_Aim of the task:_
Retype, word for word, the line holding "Versailles 9 Piece" and every line below it to the end of the listing. Leave out the pictures.

_Data extract:_
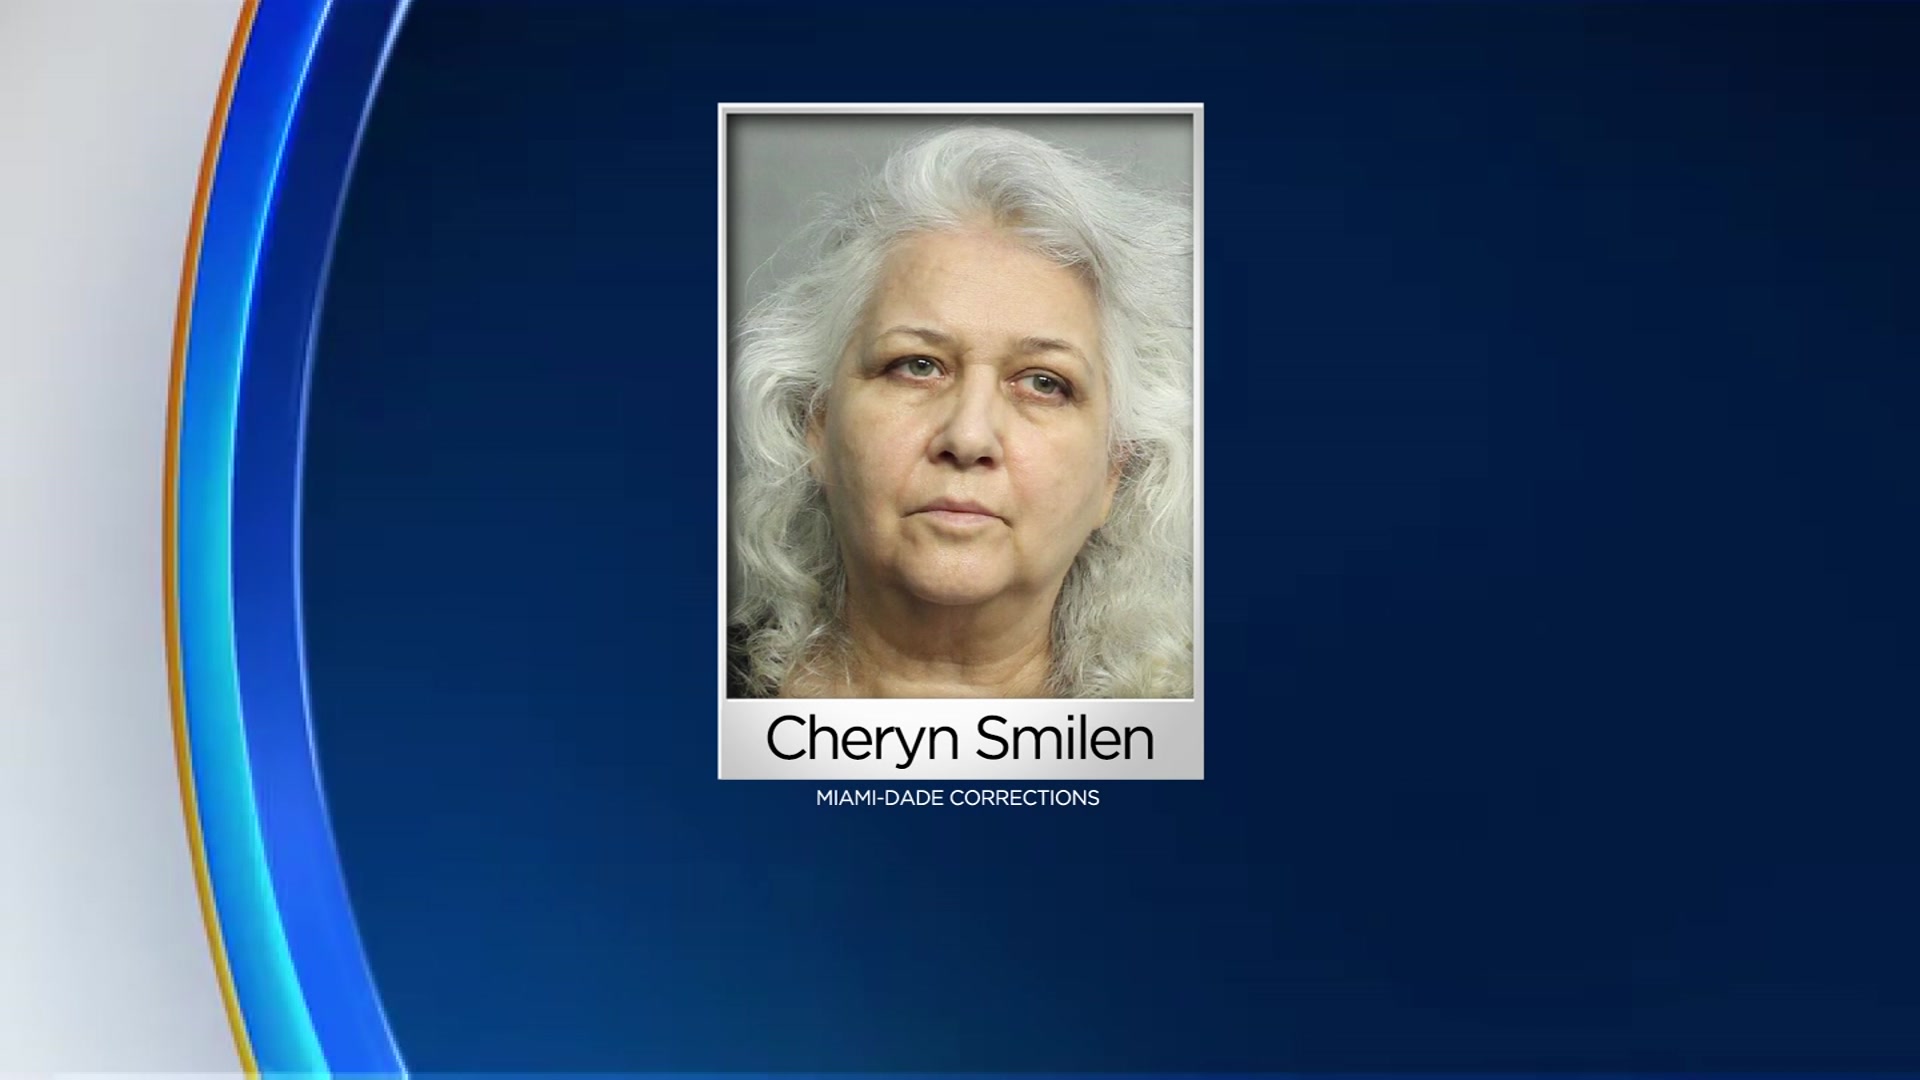 Cheryn Smilen Sentenced To Nearly A Year In Jail For Starving Cats In Miami Apartment – CBS Miami
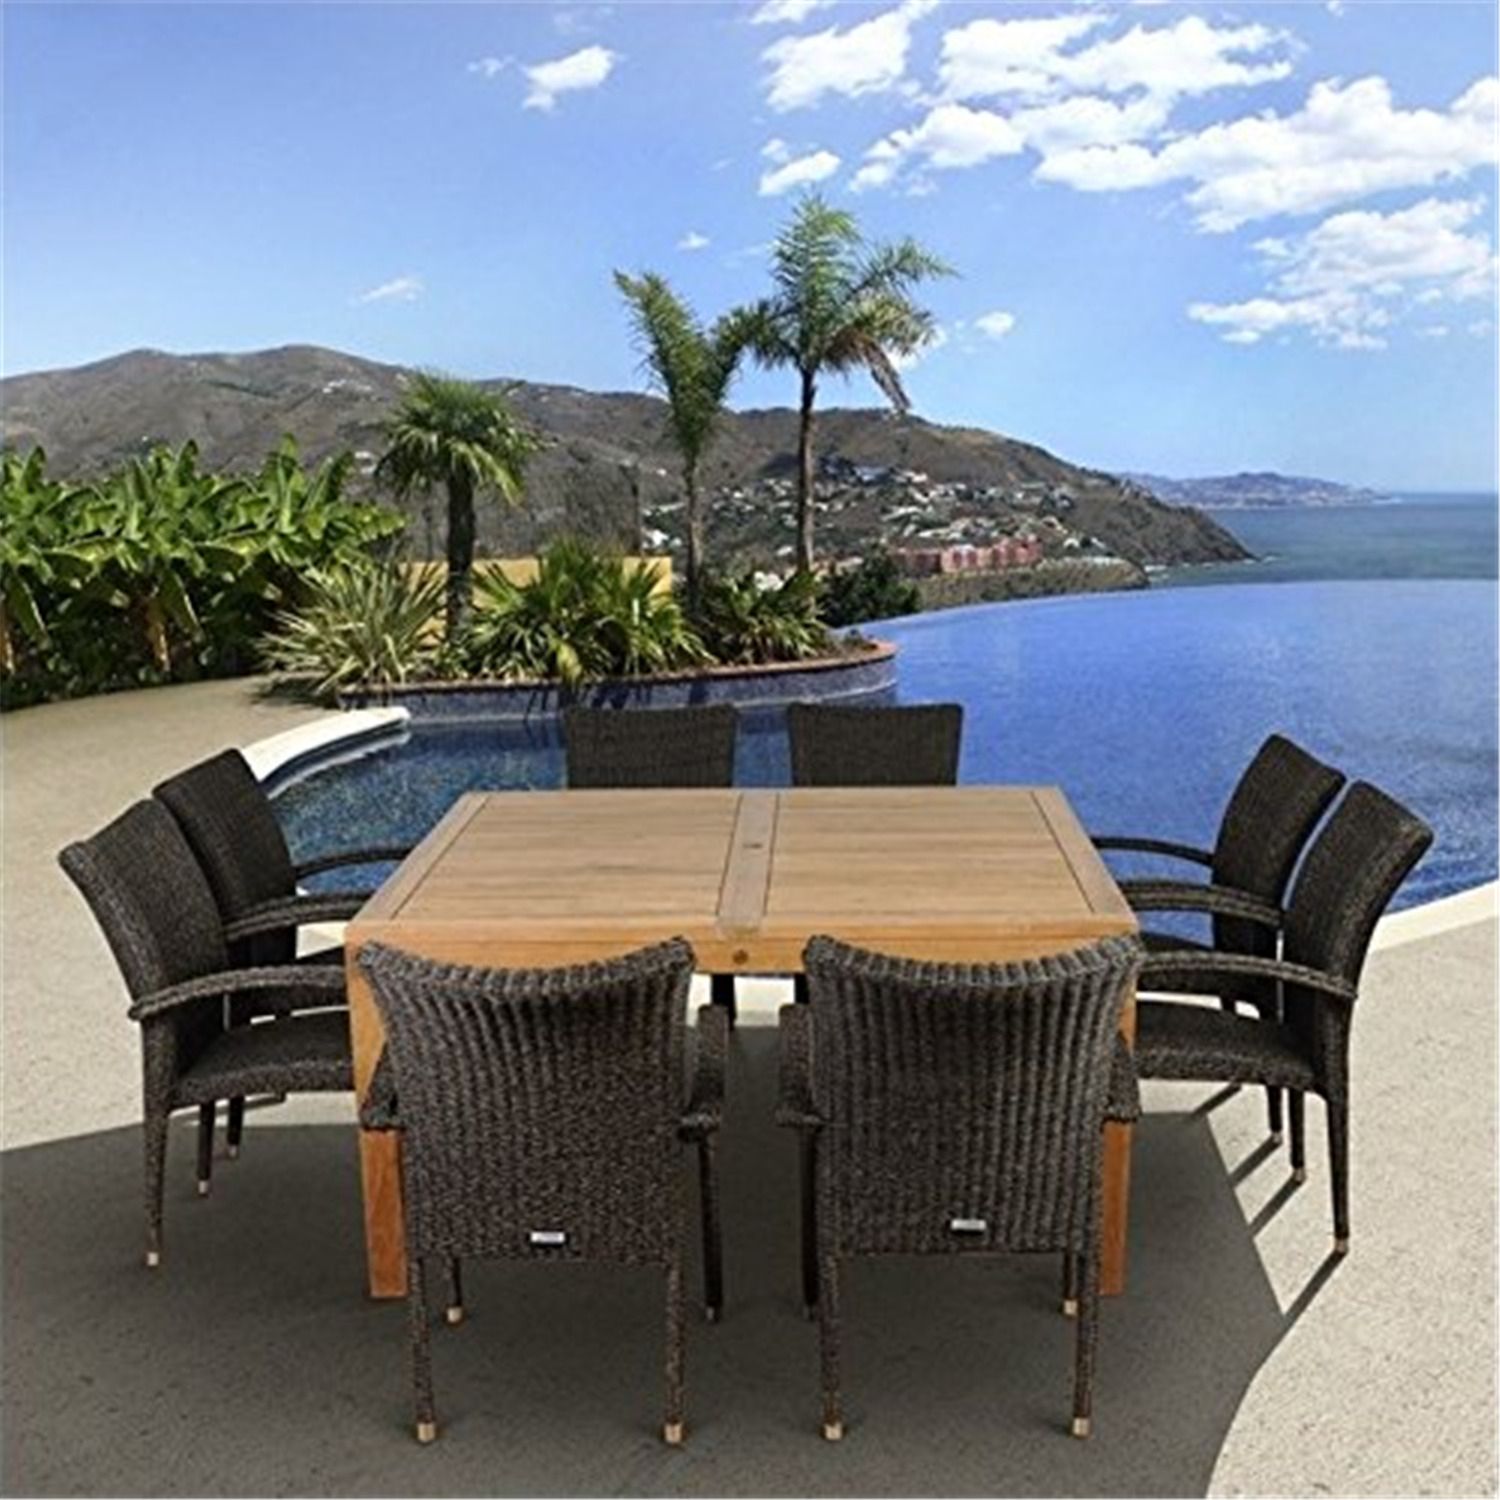 Versailles 9 Piece Teak Square Patio Dining Set – Walmart – Walmart Throughout Square 9 Piece Outdoor Dining Sets (View 7 of 15)
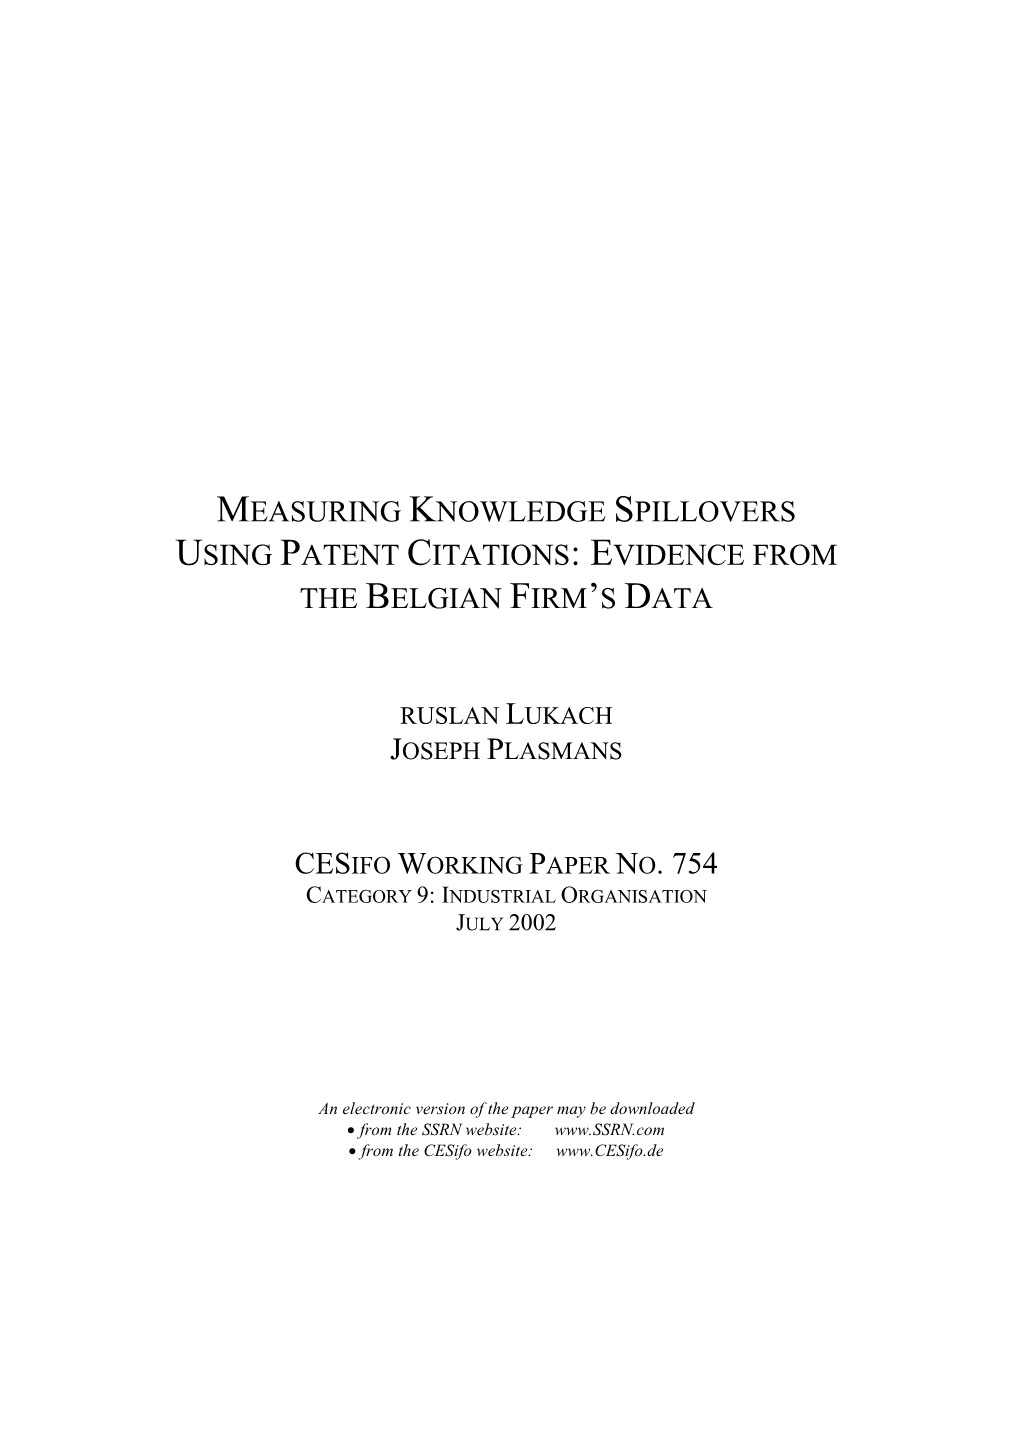 Measuring Knowledge Spillovers Using Patent Citations: Evidence from the Belgian Firm's Data

_Response to this exercise:_
 Versailles 9 Piece Teak Square Patio Dining Set – Walmart – Walmart Throughout Square 9 Piece Outdoor Dining Sets (View 7 of 15)
 Measuring Knowledge Spillovers Using Patent Citations: Evidence from the Belgian Firm's Data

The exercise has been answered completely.